# A GOPHER IN FLAT BLACK



## jephroux (Dec 21, 2009)

had another day off to catch up on yard work
an this is what happend a gopher shooter 







this is a scrap of some plywood not sure what..
it not as nice as the multy ply i got from
bleech bone,, its 3/4 with 3 coats of black primer
an 1 coat of matt clear 
very cool little shooter thera black 14inches folded
at the pouch throwes 6mm steelies with a quickness
the few times i got to shoot it 
thanks goph you are the man ...
just way to cool of you to give this up
thanks a bunch brother


----------



## Dayhiker (Mar 13, 2010)

Excellent design. Love the black, too!


----------



## The Gopher (Aug 25, 2010)

glad you like it!

i think one of the satisfying things about posting up your own designs for others to use is that you get to see the outstanding work that others do with something that you designed. Thanks Jephroux!


----------



## Peresh (May 3, 2010)

Awesome!
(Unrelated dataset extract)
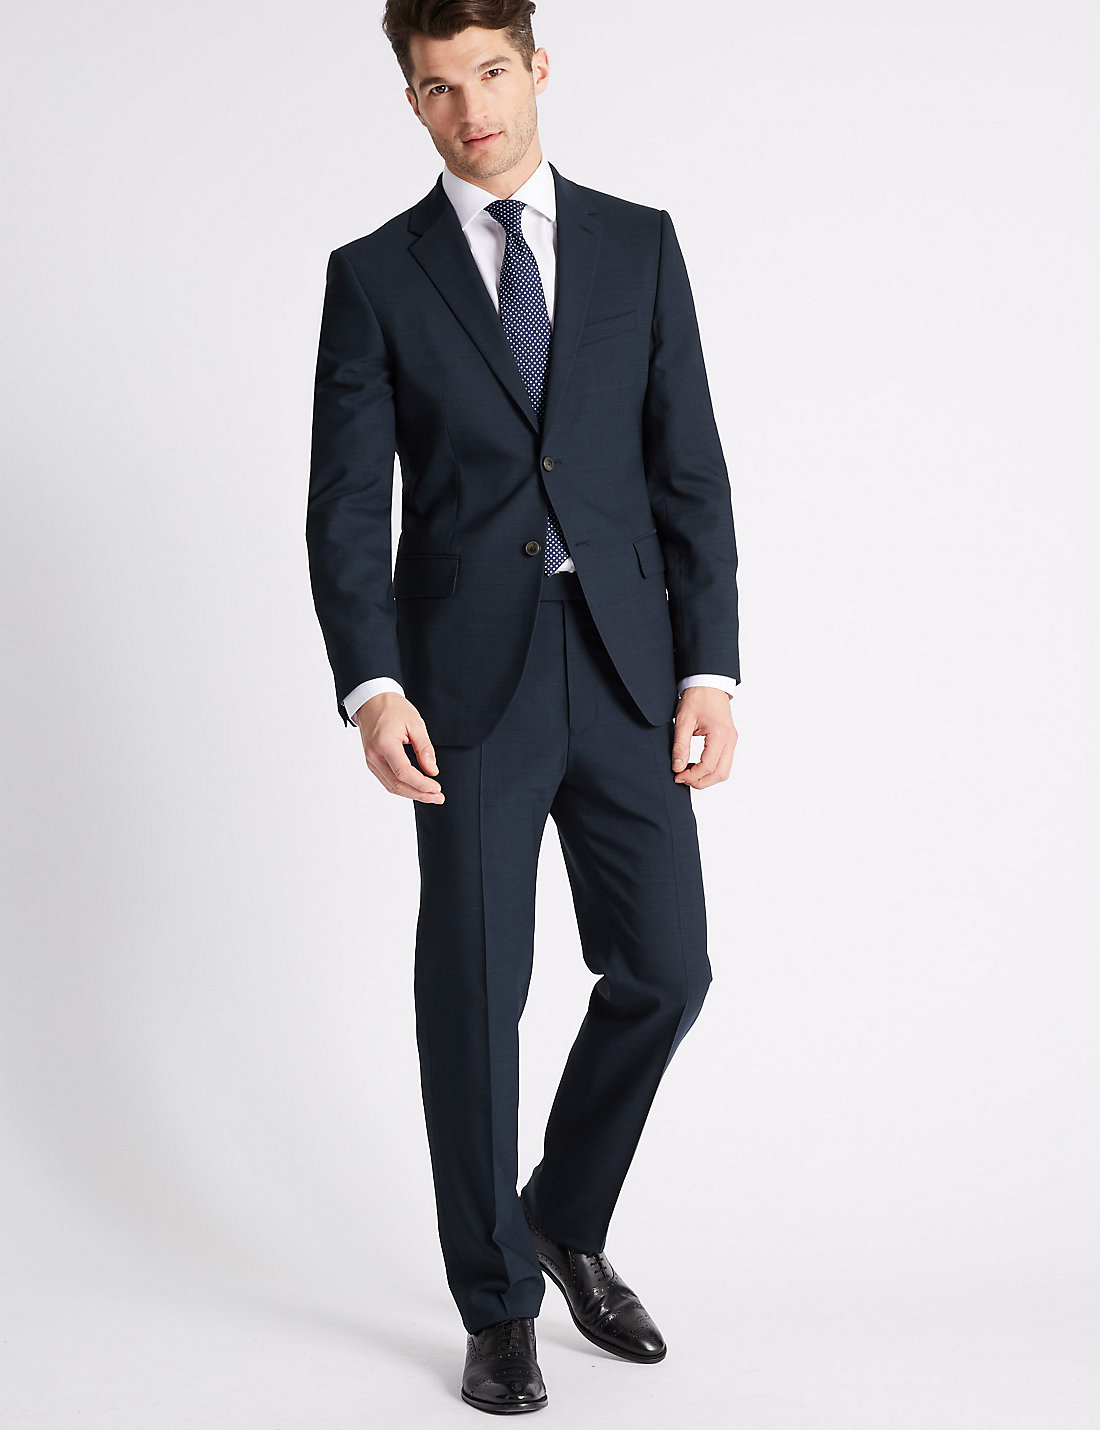 MALE MODELS IN SUITS: 2018

Love the ergonomics.


----------



## NaturalFork (Jan 21, 2010)

Ninja slingshot.


----------



## e~shot (Jun 3, 2010)

Nice design, I like the finishing


----------



## alfshooter (May 11, 2011)

Muy elegante este modelo tambien , se nota que disfrutas diseñando , un saludo desde Spain.


----------



## tubeman (Mar 7, 2011)

I think that slingshot looks stunning


----------



## mckee (Oct 28, 2010)

love it!!!


----------



## huey224 (Apr 12, 2010)

that is one awesome design my friend, nice work!


----------



## The Gopher (Aug 25, 2010)

I've modified this design a bit and find it way more comfortable. This original design had the ring finger groove too far in, the pinky finger groove too small, and the pointer and thumb grooves a bit too small as well. i also made the fork just a touch wider. All in all i think it is a lot more comfiortable now. I'll post a pattern soon.


----------



## DF in NY (Sep 8, 2011)

Very nice, I dig the black look. Yea, post the pattern for that bad boy, I want to make one!!!

DF in NY


----------



## The Gopher (Aug 25, 2010)

Here is the modified version, I made enough changes to just give it a new number. I like this version so much better than the original version that i threw a partially stared old version in the fire. The new one is way better.


----------



## DF in NY (Sep 8, 2011)

thanks for posting this, i like it. how do i print it the proper size? my printed copy measures about 1/4 inch under the stated two inches between the forks.

thanx
DF in NY


----------



## slingshotvibe (Sep 26, 2010)

Beastly desighn bud


----------



## The Gopher (Aug 25, 2010)

when you are printing make sure you have "Page Scaling: None" selected.


----------



## Rapier (May 28, 2011)

Nasty! It sure suits a biker I recon. Top job


----------



## Adirondack Kyle (Aug 20, 2012)

Thanks, putting this one on my to do list!!


----------



## tradspirit (Jul 23, 2012)

Excellent ergo..thanks!


----------